Note: you can try this tutorial in Binder.

Combination operations

Channels can act as versatile conduits for the flow of data, as in our examples of the fan-in and fan-out pattern. Here we discuss some convenient functions and constructs for dealing with more complicated patterns for the combination of data.

Merging values

In fan-in, we passed the channels to all coroutines interested in producing data. Often we find that these producers provide their own output channels instead.
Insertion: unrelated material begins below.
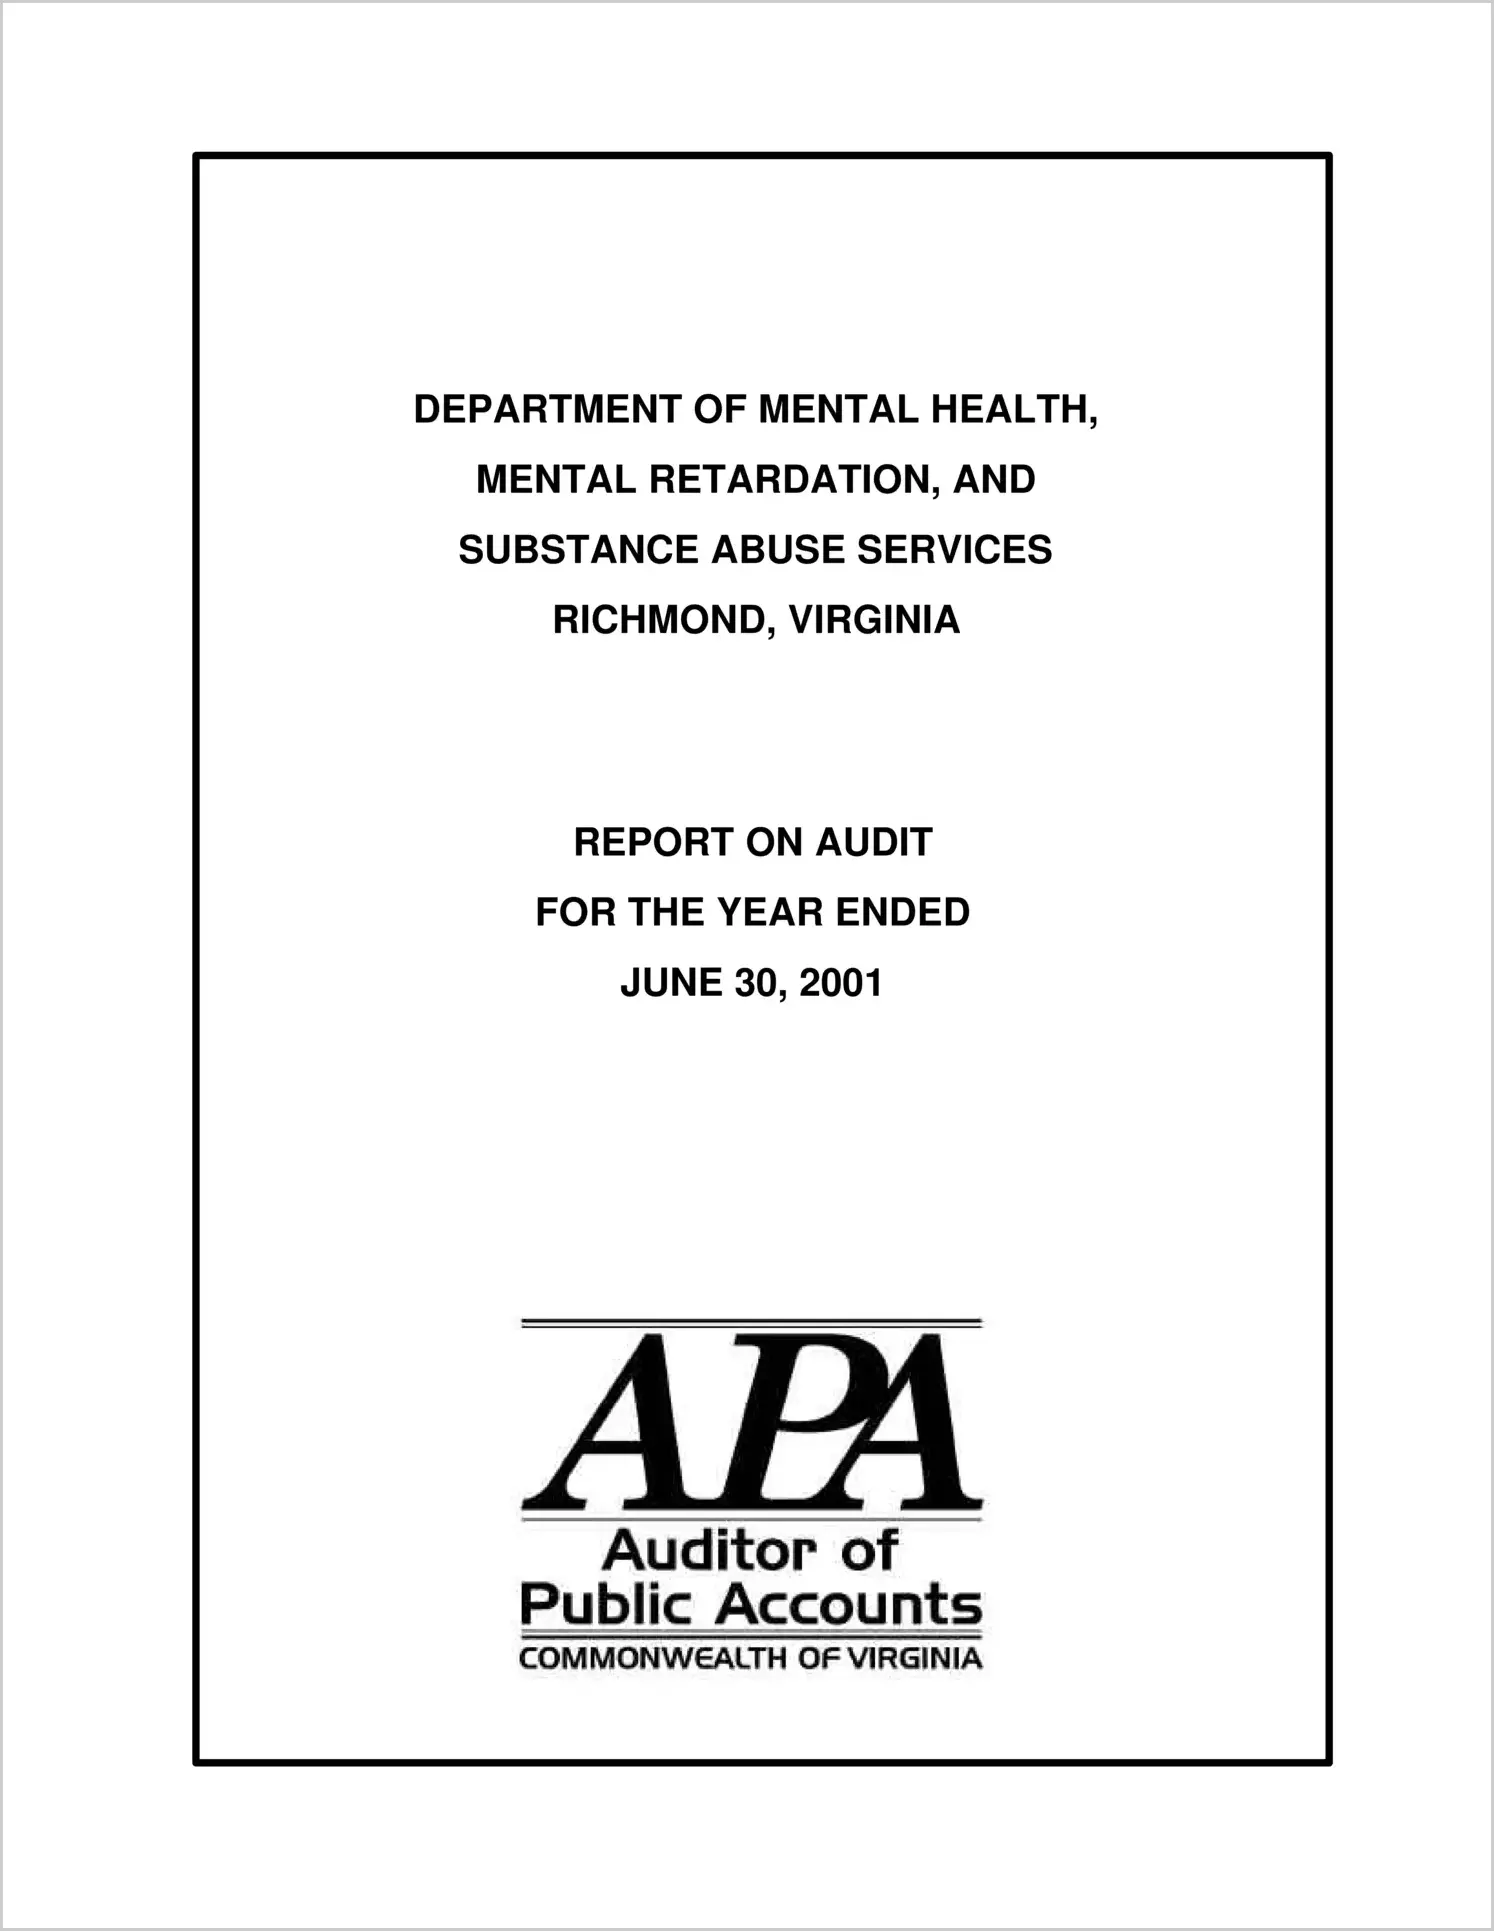 Department of Mental Health, Mental Retardation, and Substance Abuse Services for the year ended June 30, 2001

In this case, we can merge these channels into a single one:

In [2]:
import aiochan as ac
import asyncio

async def main():
    p1 = ac.from_range(10).map(lambda x: 'p1-' + str(x))
    p2 = ac.from_range(10).map(lambda x: 'p2-' + str(x))
    out = ac.merge(p1, p2)
    async for v in out:
        print(v)

ac.run(main())
p2-0
p1-0
p2-1
p1-1
p2-2
p1-2
p2-3
p1-3
p2-4
p1-4
p1-5
p2-5
p1-6
p2-6
p2-7
p1-7
p2-8
p1-8
p2-9
p1-9

As in manual fan-in, the order of the values are somewhat non-deterministic. If you want your channels to produce values in-sync, you want to use zip_chans:

In [3]:
async def main():
    p1 = ac.from_range(10).map(lambda x: 'p1-' + str(x))
    p2 = ac.from_range(10).map(lambda x: 'p2-' + str(x))
    out = ac.zip_chans(p1, p2)
    async for v in out:
        print(v)

ac.run(main())
['p1-0', 'p2-0']
['p1-1', 'p2-1']
['p1-2', 'p2-2']
['p1-3', 'p2-3']
['p1-4', 'p2-4']
['p1-5', 'p2-5']
['p1-6', 'p2-6']
['p1-7', 'p2-7']
['p1-8', 'p2-8']
['p1-9', 'p2-9']

A even more complicated use case is that your producer produces items at different rates, and you want to keep track of the latest values produced by each of them:

In [4]:
async def main():
    p1 = ac.from_range(10).map(lambda x: 'p1-' + str(x))
    p2 = ac.from_range(10).map(lambda x: 'p2-' + str(x))
    out = ac.combine_latest(p1, p2)
    async for v in out:
        print(v)

ac.run(main())
['p1-0', None]
['p1-0', 'p2-0']
['p1-1', 'p2-0']
['p1-1', 'p2-1']
['p1-1', 'p2-2']
['p1-2', 'p2-2']
['p1-2', 'p2-3']
['p1-3', 'p2-3']
['p1-4', 'p2-3']
['p1-4', 'p2-4']
['p1-5', 'p2-4']
['p1-5', 'p2-5']
['p1-6', 'p2-5']
['p1-6', 'p2-6']
['p1-7', 'p2-6']
['p1-7', 'p2-7']
['p1-7', 'p2-8']
['p1-8', 'p2-8']
['p1-9', 'p2-8']
['p1-9', 'p2-9']

Notice for channels that has yet to produce a value, None is put in its place.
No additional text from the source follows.